Name	Type	Description	Default
obj_type	type	The type of object the function applies to.	required

Returns:

Type	Description
Callable	A decorator that registers the function for the specified object type.

Examples:

@MyFunctional.register(MyObject)
def _(functional: MyFunctional, obj: MyObject) -> MyObject:
    ...

Source code in src/qten/abstracts.py

@classmethod
def register(cls, obj_type: type):
    """
    Register a function defining the action of the [`Functional`][qten.abstracts.Functional] on a specific object type.

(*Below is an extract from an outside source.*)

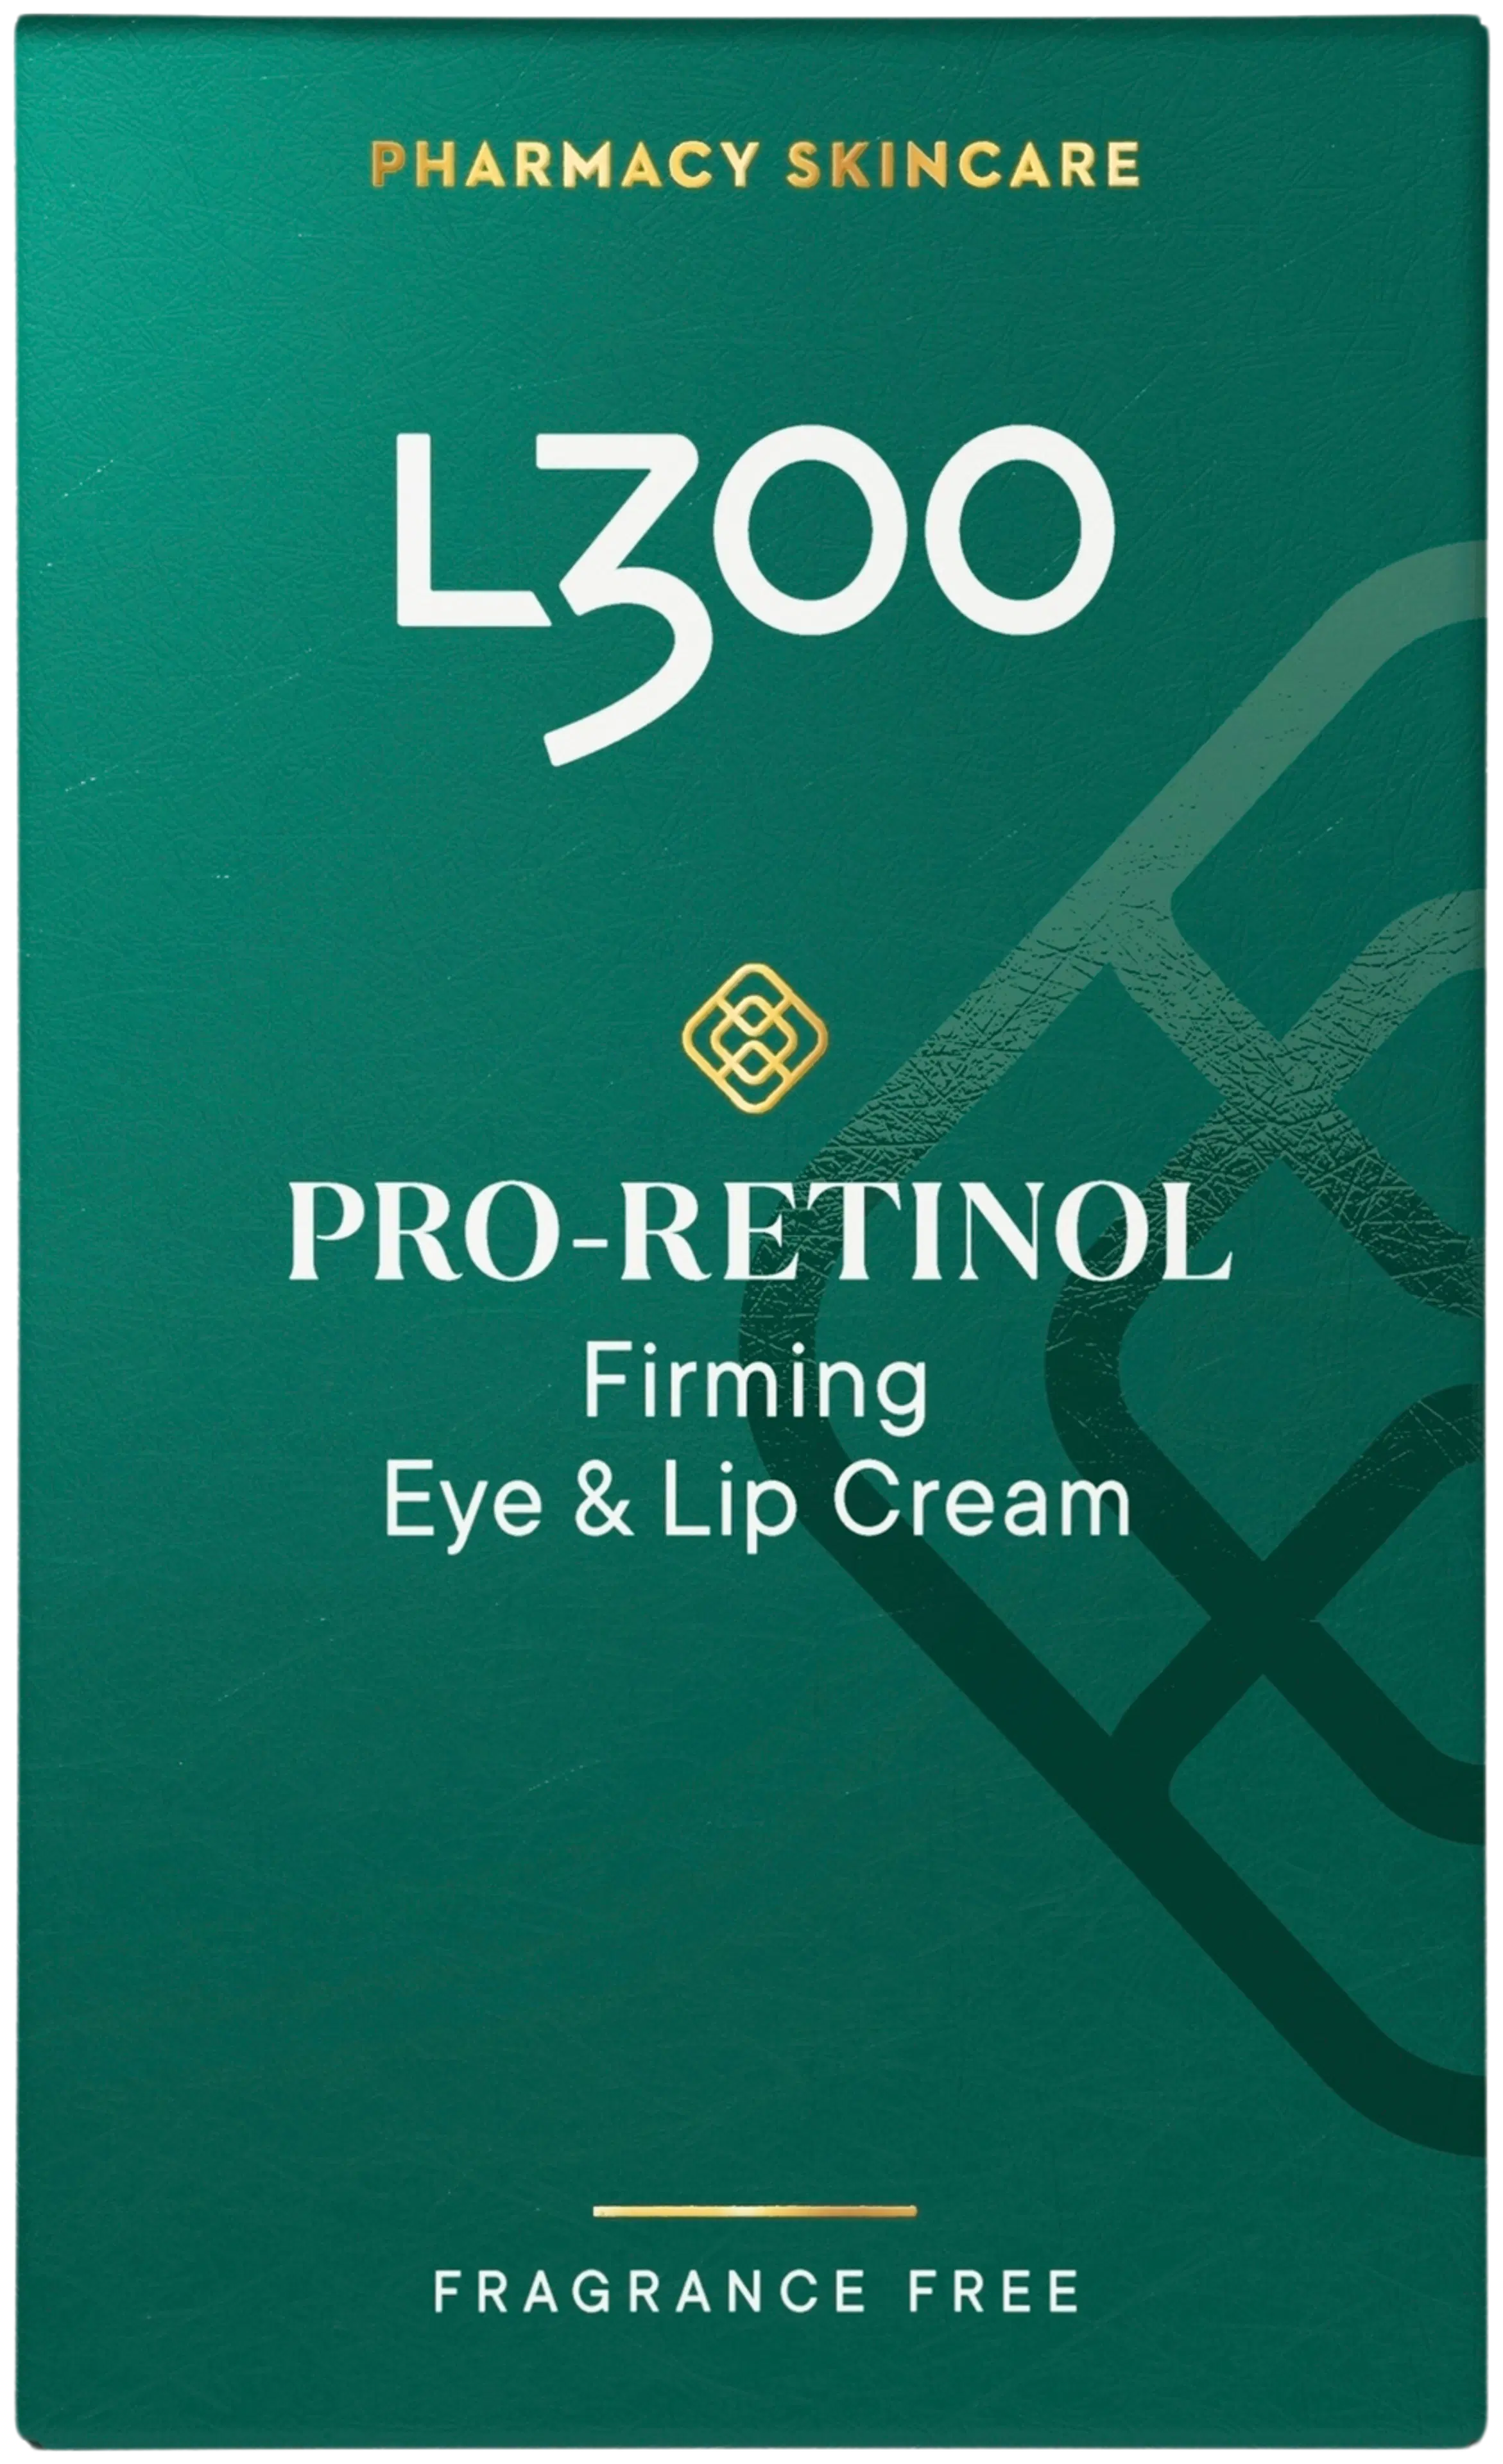 L300 Pro-Retinol Firming Eye & Lip Cream fragrance free hajusteeton voide silmien ja huulien ympärillä olevalle iholle 15ml

    This method returns a decorator. The decorated function should accept
    the functional instance as its first argument and an object of
    `obj_type` as its second argument. Any keyword arguments passed to
    [`invoke()`][qten.abstracts.Functional.invoke] are forwarded to the
    decorated function.

    Dispatch is resolved at call time via MRO, so only the exact
    `(obj_type, cls)` key is stored here. Resolution later searches both:

    - the MRO of the runtime object type,
    - the MRO of the runtime functional type.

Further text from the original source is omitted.